Story Titles: All That Jazz | Great headlines in history

In 1961 America had a lot of music to listen to. Elvis was back from the army and he and his manager, Colonel Parker, were ready to kick-start his career.

Jazz saxophonist John Coltrane recorded his first live album, “Live! at the Village Vanguard,” and would sell around 30,000 copies of another, “My Favorite Things.”

In March of that year, jazz great Louis Armstrong appeared on Ed Sullivan’s popular television variety program after returning from a tour of Africa as a “goodwill ambassador” for the Department of State. Sullivan pointed out that during his visit to the Republic of the Congo, a temporary truce was called in a civil war so both sides could hear Armstrong play.

At the New York Philharmonic, the charismatic conductor Leonard Bernstein offered the public a musical reintroduction of the symphonic poems of Gustav Mahler. The film version of the musical “West Side Story” he had collaborated on had just been released, and Bernstein had been selected to direct the pre-inaugural events for newly elected President John F. Kennedy.

That same year, on transistor radios and jukeboxes, Roy Orbison was “Crying”, the Shirelles asked for “Will You Love Me Tomorrow”, and Connie Francis wanted to be “Where the Boys Are”. From stereos across the country came the music of piano duo Arthur Ferrante and Wilkes-Barre native Louis Teicher (aka Ferrante & Teicher), their version of the theme music from the movie “Exodus.” It joined their lush 1960 arrangement of “Apartment Theme”, another film score, in suburban record holders.

It was also the year that a newly married couple from Pennsylvania, Allan and Sandra Jaffe, ended a long honeymoon in Mexico.
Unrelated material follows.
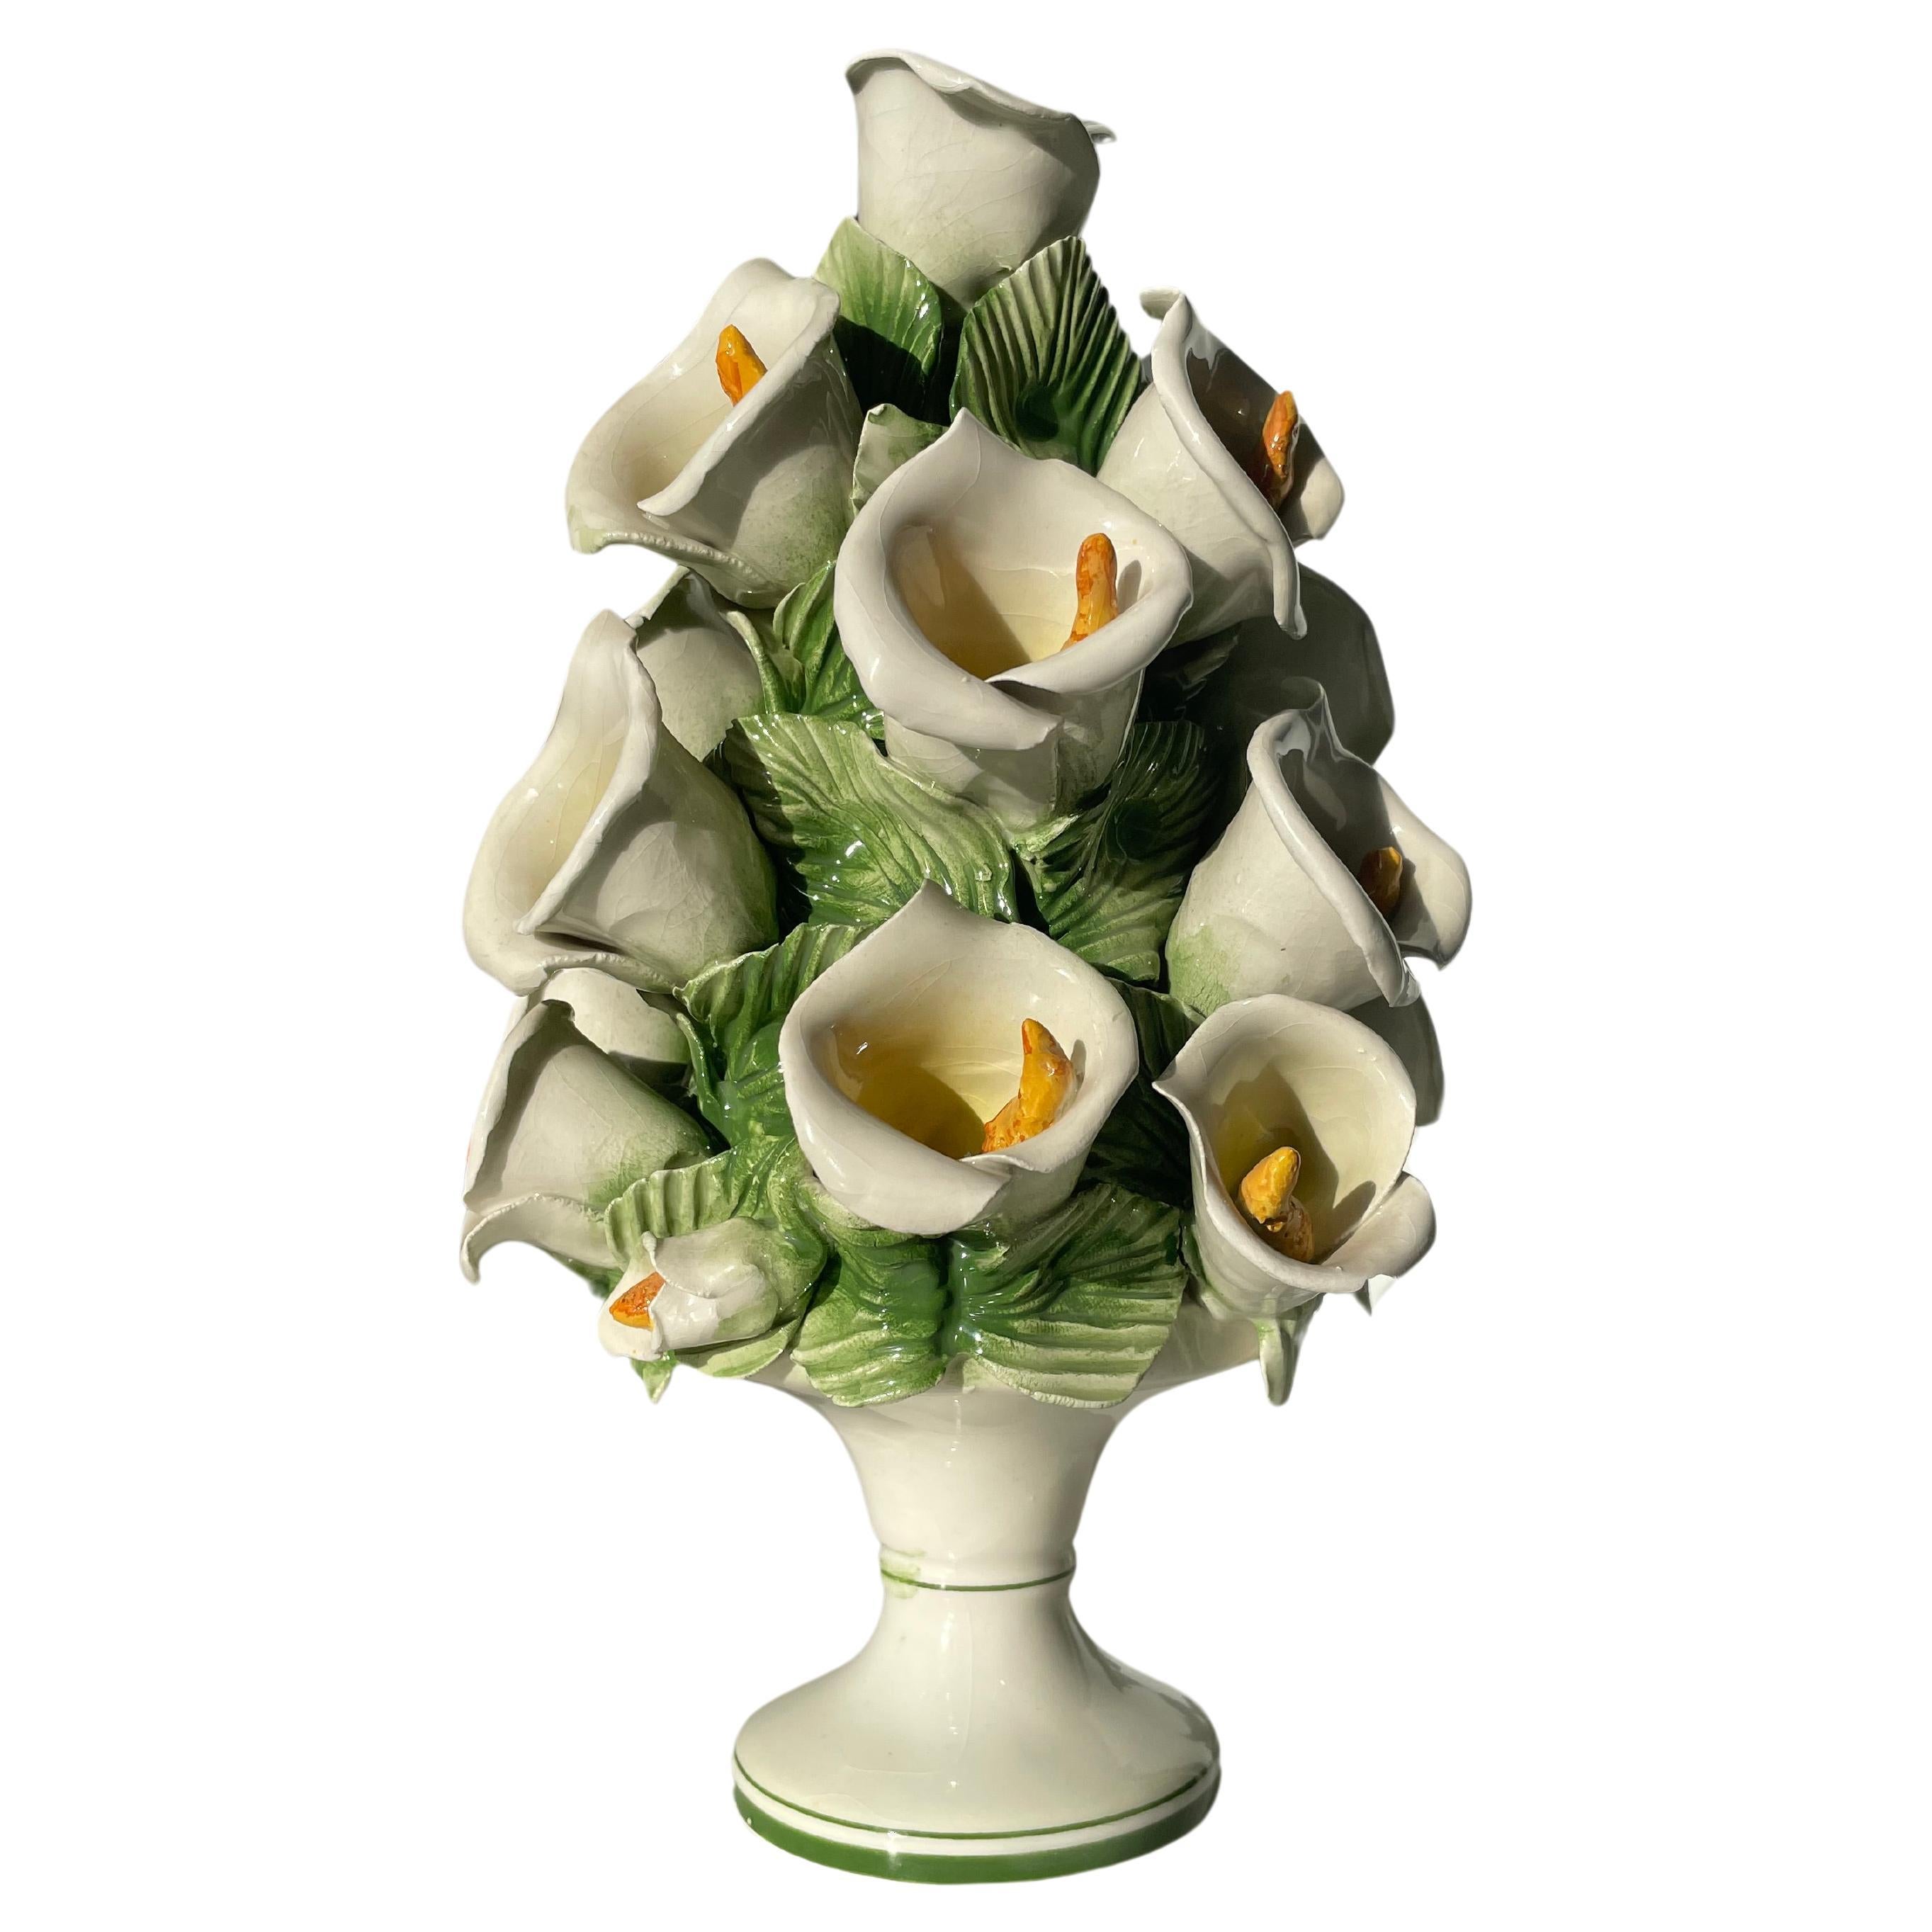 Vintage Italian delikat handgefertigte skulpturale organische florale Regency-Stil Porzellanfigurine. Mehrere große naturalistische weiße und gelbe Calas in verschiedenen Blühstadien, umgeben von grünen Blättern, stehen in einem pyramidenförmigen

They had promised their families in Philadelphia that they would be back soon. But first Allan, a native of Pottsville, wanted to stop over in New Orleans. While serving in the military, he had heard the authentic sound of Crescent City played by African American musicians where he was from and wanted to share it with his wife. Arriving in the French Quarter, they heard music coming from a nearby art gallery. It was a combo playing traditional jazz. It seduced them both. A few days later they came back.
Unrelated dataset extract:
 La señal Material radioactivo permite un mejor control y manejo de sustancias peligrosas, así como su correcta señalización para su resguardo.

Seeing their attachment to music, gallery owner Larry Borenstein announces that he is moving his business next door. Would they be interested in renting the space (31 by 20 feet) for $400 per month? “We didn’t even think twice about it,” recalls Sandra Jaffe several years later. “’Of course,’ we said, and that was the start of Preservation Hall. We never left New Orleans.

Jazz band at the Preservation Hall

It would have been hard to imagine in 1961 that the Jaffes would have the life they lived after that year. Allan was the son of Harry and Fanny Jaffe who owned a paint and wallpaper store in Pottsville. He had attended the Wharton School and was ready to pursue a career in business. Sandra was born Sandra Smolen and came from a Jewish family in Ukraine. Her father Jacob held various jobs including running a gas station, and her mother Lena was a housewife. Sandra studied journalism and public relations at Harcum College in Bryn Mawr and graduated with a bachelor’s degree in 1958. She worked for an advertising agency for two years and married Allan on Christmas Day 1960.
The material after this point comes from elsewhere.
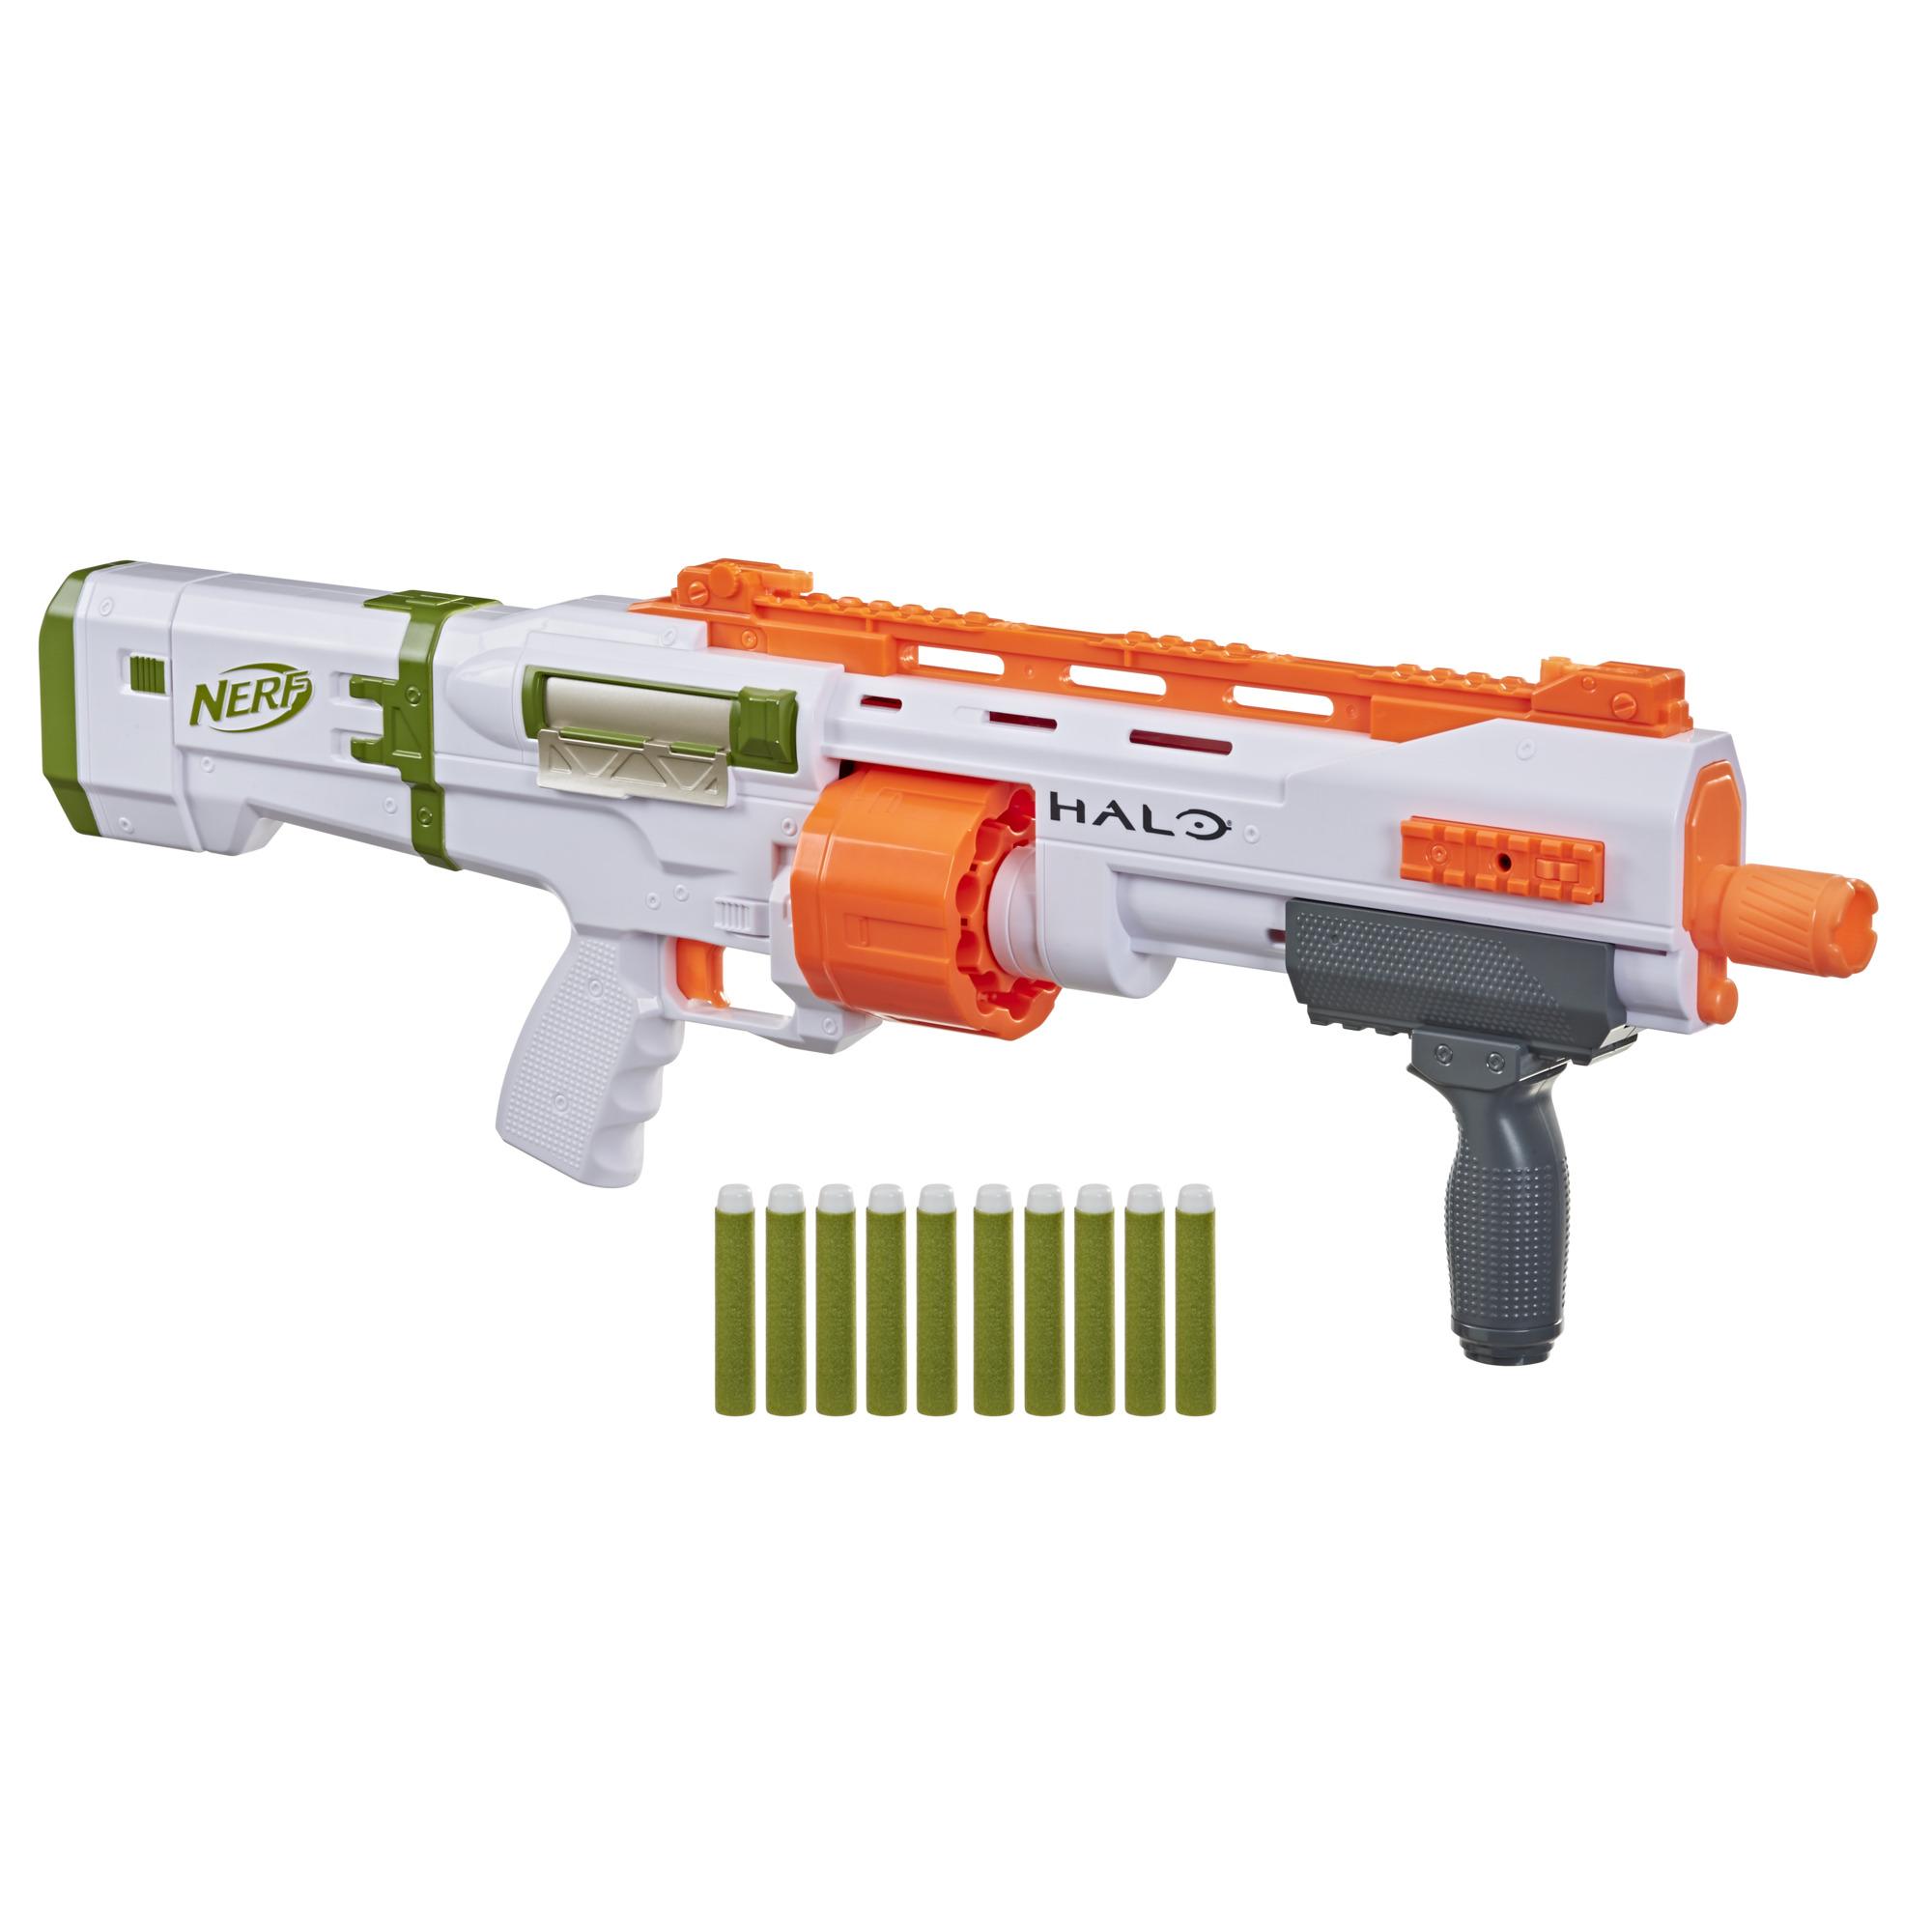 Nerf Halo Bulldog SG Blaster – Pump-Action, 10-Dart Trommel, Tactical Rail Steckschienen, 10 Nerf Darts, Skin-Code

The late jazz great Dave Brubeck once greeted Armstrong, using his popular nickname, with the words “This is Pops, our dad to all.” And Armstrong’s jazz roots ran deep in his hometown of New Orleans and spread around the world. Traditional jazz had not died out in New Orleans in 1961. According to one source, it was still played among a group of black musicians for weddings, funerals and other events and for tourists at local clubs. But among the many musical styles that existed, it was in danger of becoming a historical artifact. The Preservation Hall was unique. It did not serve alcohol, had about 50 seats on six benches, and until 2019 had no air conditioning.

Crowd near Preservation Hall in New Orleans

“The Jaffes played different roles at Preservation Hall,” notes the New York Times. “Allan Jaffe, who played the helicon, a brass instrument, was the link to the musicians and sent them on the road as the Preservation Hall Jazz Band. Mrs. Jaffe, who shared management duties with her husband, was usually stationed at the front door of the venue with a basket on her lap collecting money from customers.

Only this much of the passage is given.